We acknowledge the limitations of our study. First, our study population included only ethnic Chinese, Malay, and Indian participants, and future studies in other Asian populations are needed. Second, ∼40% of the proteins in our protein signature are not secreted and may therefore be leakage proteins. Furthermore, a subset of the plasma proteins may be contained within extracellular vesicles, such as exosomes. Although the plasma proteome, including both leakage and exosomal proteins, has been shown to be informative about current and future states of health (18,30), the abundance of leakage and exosomal proteins in the plasma may not be a direct reflection of biologic activity in the cell or exosome. Third, we were not able to infer causality, because the associations between plasma proteins and anthropometric measurements were cross-sectional. Fourth, it is possible that some protein measurements on the SomaScan platform may have low specificity (59). Results from previous studies indicate that >80% of the proteins in the protein signatures identified in our study had cis pQTLs on the SomaScan platform, and more than half were measured with high confidence or validated by mass spectrometry (18,19). Still, a subset of protein measurements requires confirmation in future studies.

In conclusion, we provide a proof of principle that plasma protein markers can capture metabolically unhealthy adiposity better than anthropometric measures, which may have future implications for clinical practice. For example, protein biomarkers in a single blood sample, if confirmed, could be alternatives for anthropometric measures that reflect the detrimental metabolic effects of adiposity. This could be a valuable approach, because direct measurement of specific fat depots with scans is often not feasible in clinical practice (60). Our findings of consistent associations across diverse populations are highly relevant in this context, because the relationship between anthropometric measures and body fat depots differs greatly by race/ethnicity (61).

Acknowledgments. The authors thank all participants, the study team, and the investigators for their research contributions.

Funding. The MEC1 study is supported by individual research and clinical scientist award schemes from the Singapore National Medical Research Council (including MOH-000271-00) and the Singapore Biomedical Research Council and infrastructure funding from the Singapore Ministry of Health (Population Health Metrics and Analytics), National University of Singapore, and National University Health System, Singapore. The ARIC study has been funded in whole or in part with federal funds from the National Heart, Lung, and Blood Institute, National Institutes of Health, Department of Health and Human Services (75N92022D00001, 75N92022D00002, 75N92022D00003, 75N92022D00004, 75N92022D00005).

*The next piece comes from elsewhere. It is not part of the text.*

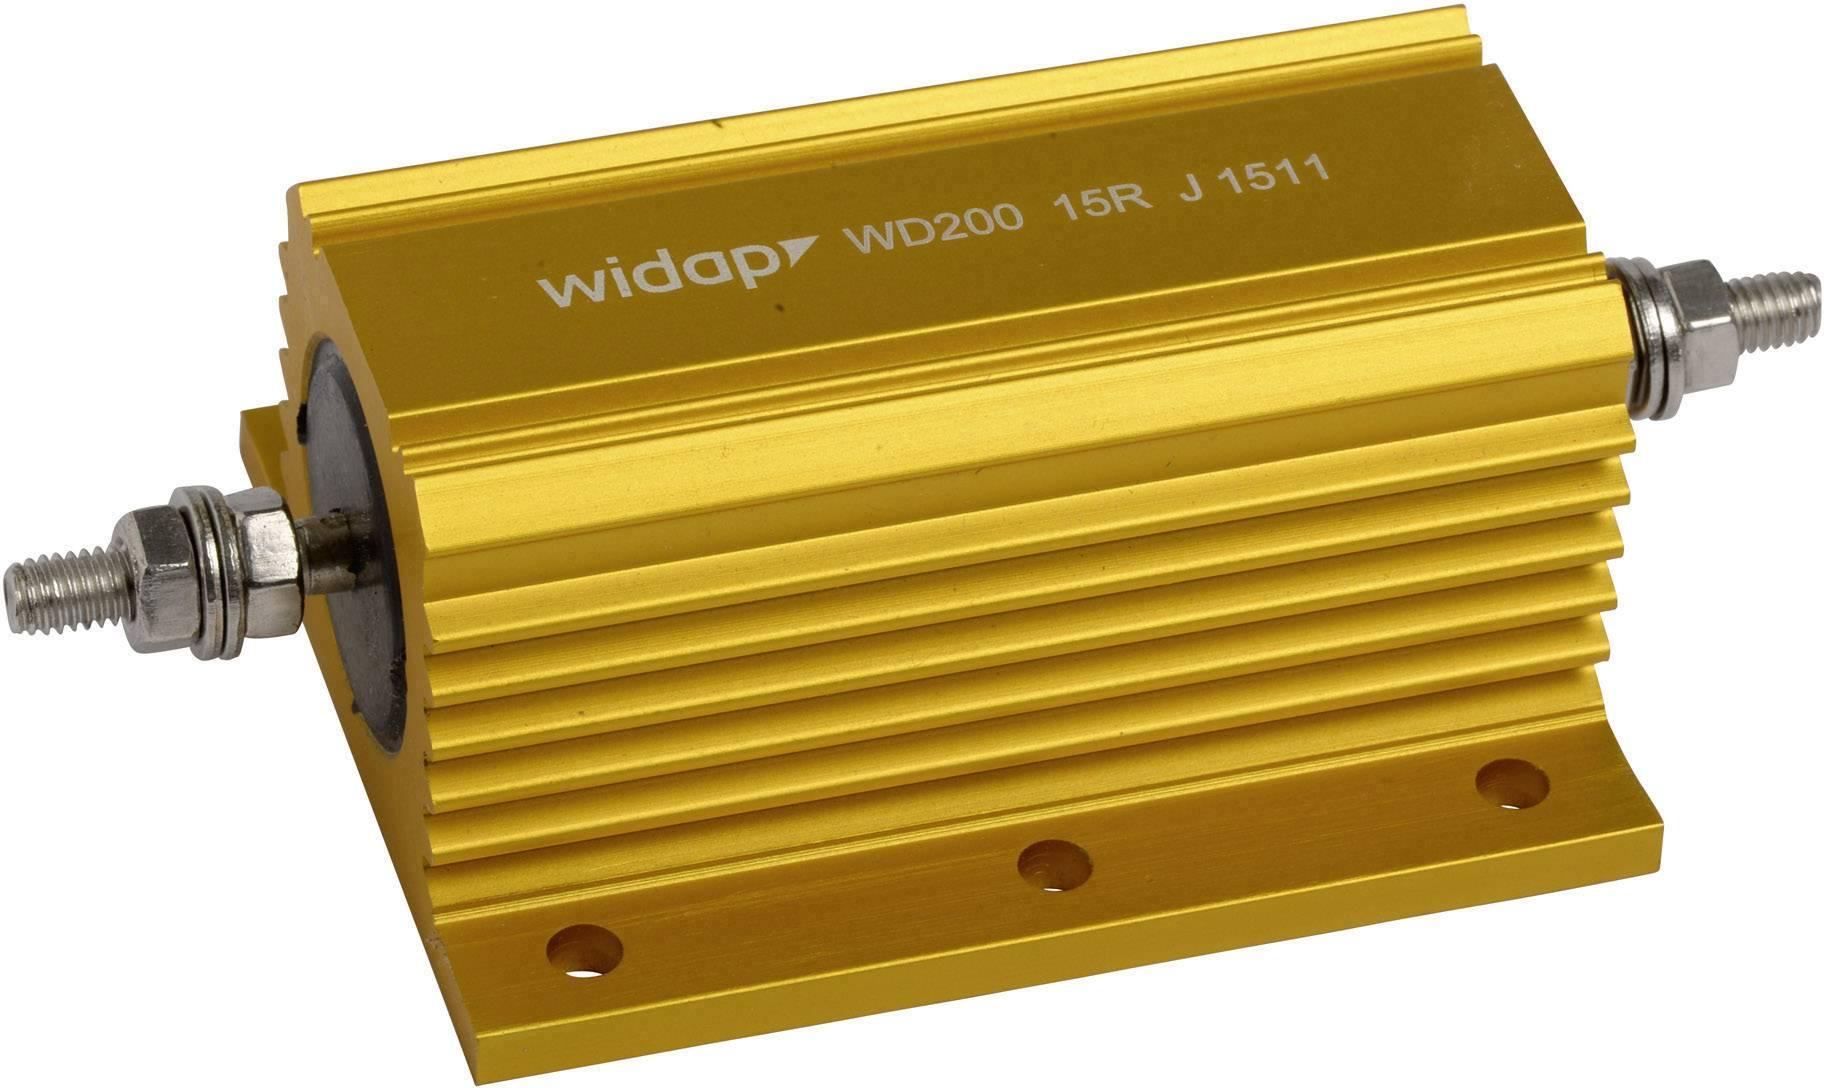 Drôtový rezistor Widap 160162, hodnota odporu 560 Ohm, 200 W, 1 ks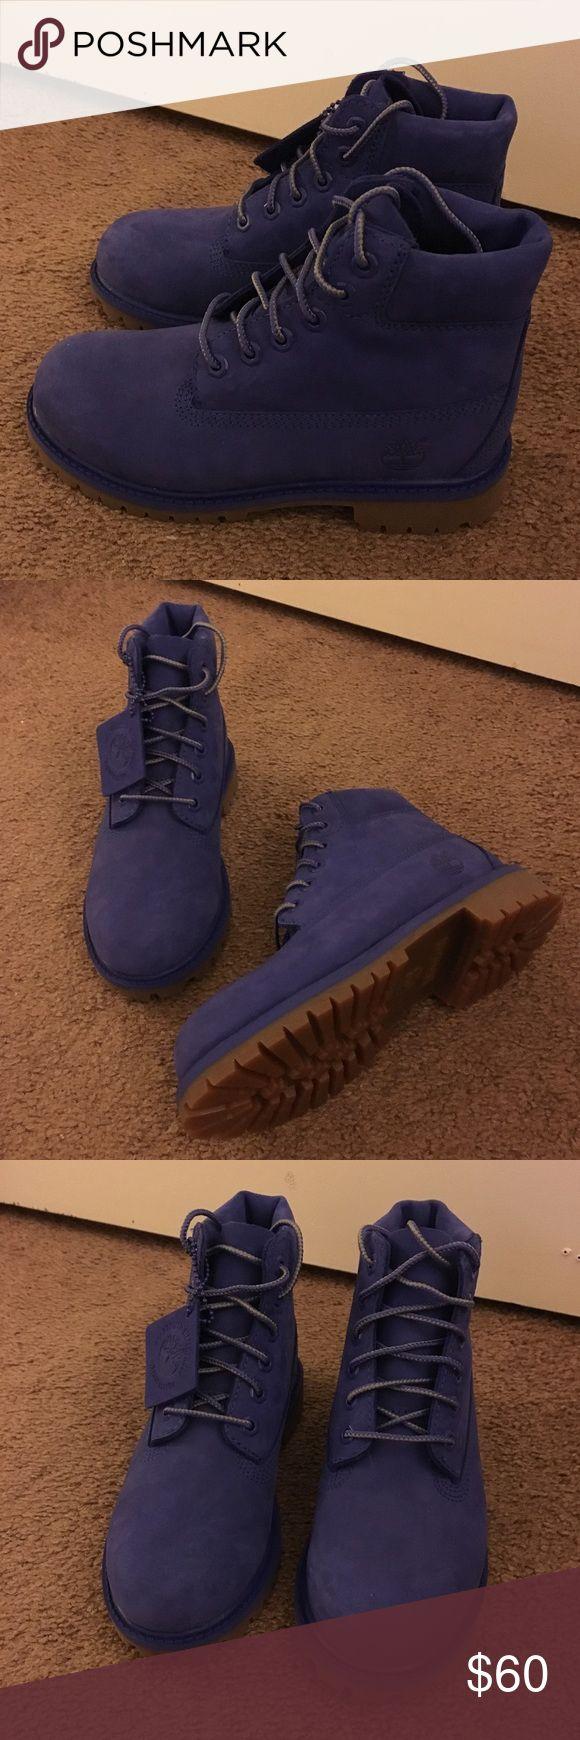 "New TIMBERLAND 6"" PREMIUM WATERPROOF BOOTS  Kids 1 Brand New TIMBERLAND Kids 6"" PREMIUM WATERPROOF BOOTS / Kids Size 1 Timberland Shoes Boots"

The funders had no role in the design, implementation, analysis, or interpretation of the data. The National University of Singapore (NUS) and John Hopkins University (JHU) have each signed separate collaboration agreements with SomaLogic to conduct SomaScan of MEC (NUS) and ARIC (JHU) stored samples at no charge in exchange for the rights to analyze linked MEC and ARIC phenotype data.

Duality of Interest. No potential conflicts of interest relevant to this article were reported.

Author Contributions. C.G.Y.L., X.S., and R.M.v.D. contributed to the drafting of the manuscript. B.O., M.R.R., C.E.N., E.S.T., and J.Co. contributed to the critical revision of the manuscript. X.S. and R.M.v.D. designed the study. All authors contributed to the acquisition, analysis, or interpretation of data. X.S. is the guarantor of this work and, as such, had full access to all the data in the study and takes responsibility for the integrity of the data and the accuracy of the data analysis.